United States District Court, N.D. Indiana, South Bend Division
Sep 9, 2009
Cause No. 3:09-CV-0327 (N.D. Ind. Sep. 9, 2009)

Opinion

Cause No. 3:09-CV-0327.

September 9, 2009


OPINION AND ORDER


This matter is before the court sua sponte pursuant to 28 U.S.C. section 1915A. For the reasons set forth below, the Court DENIES Plaintiff leave to proceed against Defendant and ORDERS the clerk to DISMISS the complaint WITH PREJUDICE pursuant to 28 U.S.C. section 1915A(b)(1).

BACKGROUND

Pro se Plaintiff, Douglas Crawford, is a prisoner confined at the Indiana State Prison ("ISP"). Crawford filed a complaint pursuant to 42 U.S.C. section 1983, alleging that Defendant, ISP Superintendent Mark Levenhagen, violated his federally protected rights by taking away his contact visitation privileges. Crawford seeks injunctive relief directing Defendant to reinstate his contact visitation.

DISCUSSION

Pursuant to 28 U.S.C. section 1915A(a), the Court shall review any "complaint in a civil action in which a prisoner seeks redress from a governmental entity or officer or employee of a governmental entity." The Court must dismiss an action against a governmental entity or officer or employee of a governmental entity if it is frivolous or malicious, fails to state a claim upon which relief may be granted, or seeks monetary relief against a defendant who is immune from such relief. 28 U.S.C. § 1915(b).
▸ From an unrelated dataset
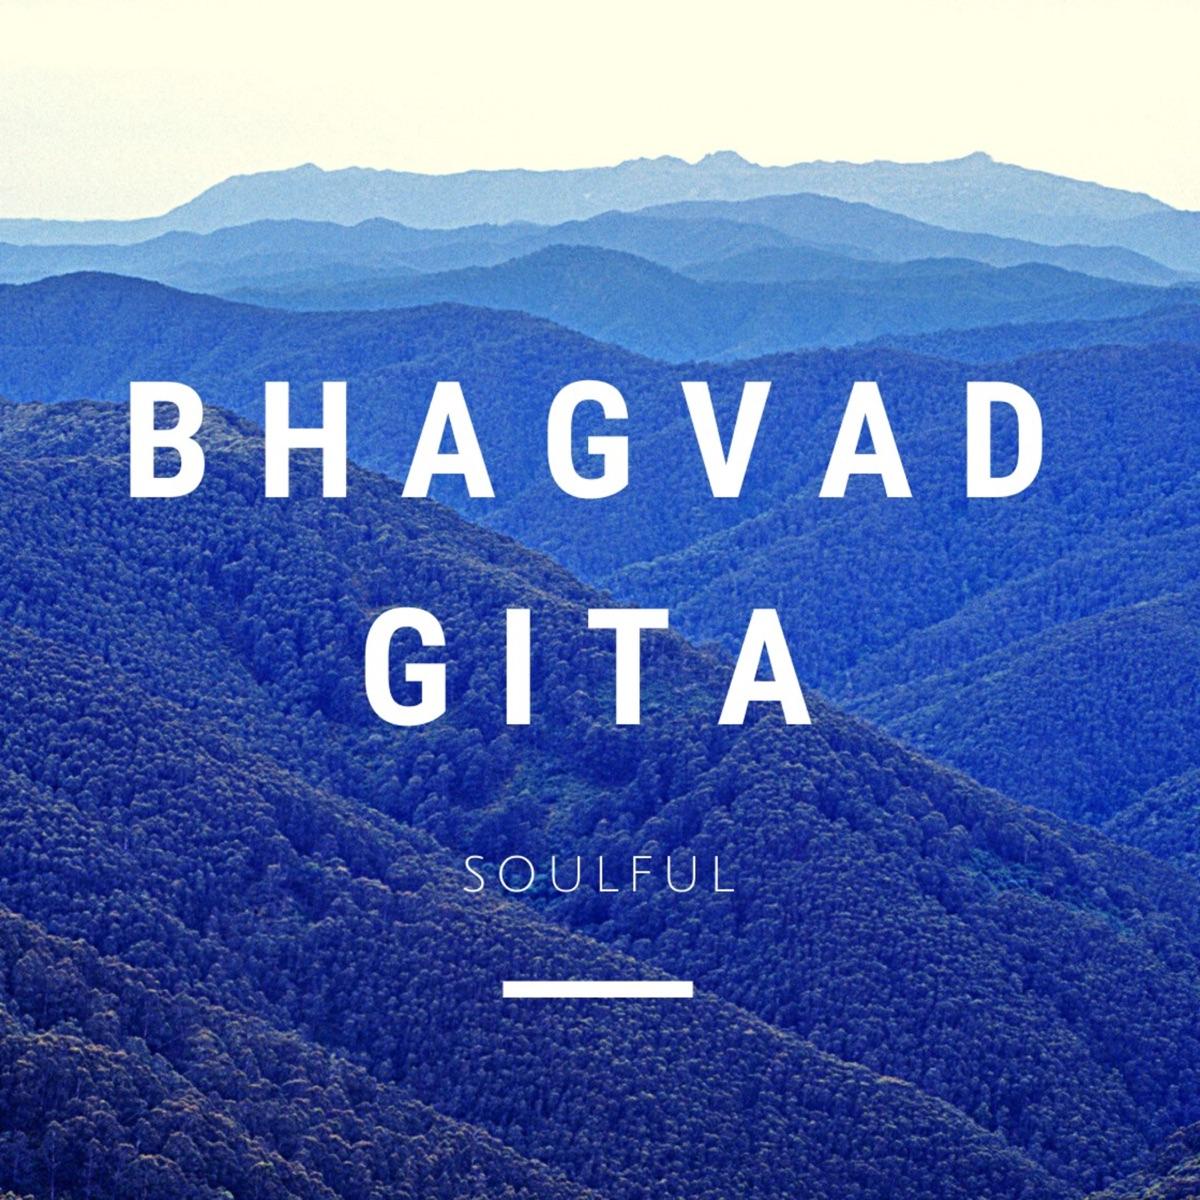 Bhagavad Gita Soulful

Courts apply the same standard under section 1915A as when addressing a motion under RULE 12(b)(6). Lagerstrom v. Kingston, 463 F.3d 621, 624 (7th Cir. 2006).

A document filed pro se is to be liberally construed, and a pro se complaint, "however inartfully pleaded, must be held to less stringent standards than formal pleadings drafted by lawyers." Erickson v. Pardus, 551 U.S. 89, 94 (2007) (quotation marks and citations omitted). As the Supreme Court has held:

To survive a motion to dismiss, a complaint must contain sufficient factual matter, accepted as true, to state a claim to relief that is plausible on its face. A claim has facial plausibility when the plaintiff pleads factual content that allows the court to draw the reasonable inference that the defendant is liable for the misconduct alleged. The plausibility standard is not akin to a probability requirement, but it asks for more than a sheer possibility that a defendant has acted unlawfully. Where a complaint pleads facts that are merely consistent with a defendant's liability, it stops short of the line between possibility and plausibility of entitlement to relief.
. . . only a complaint that states a plausible claim for relief survives a motion to dismiss. Determining whether a complaint states a plausible claim for relief will, as the Court of Appeals observed, be a context-specific task that requires the reviewing court to draw on its judicial experience and common sense. But where the well-pleaded facts do not permit the court to infer more than the mere possibility of misconduct, the complaint has alleged — but it has not shown — that the pleader is entitled to relief.
In keeping with these principles a court considering a motion to dismiss can choose to begin by identifying pleadings that, because they are no more than conclusions, are not entitled to the assumption of truth. While legal conclusions can provide the framework of a complaint, they must be supported by factual allegations. When there are well-pleaded factual allegations, a court should assume their veracity and then determine whether they plausibly give rise to an entitlement to relief.
Ashcroft v. Iqbal, 129 S. Ct. 1937, 1949-50 (2009) (quotation marks and citations omitted).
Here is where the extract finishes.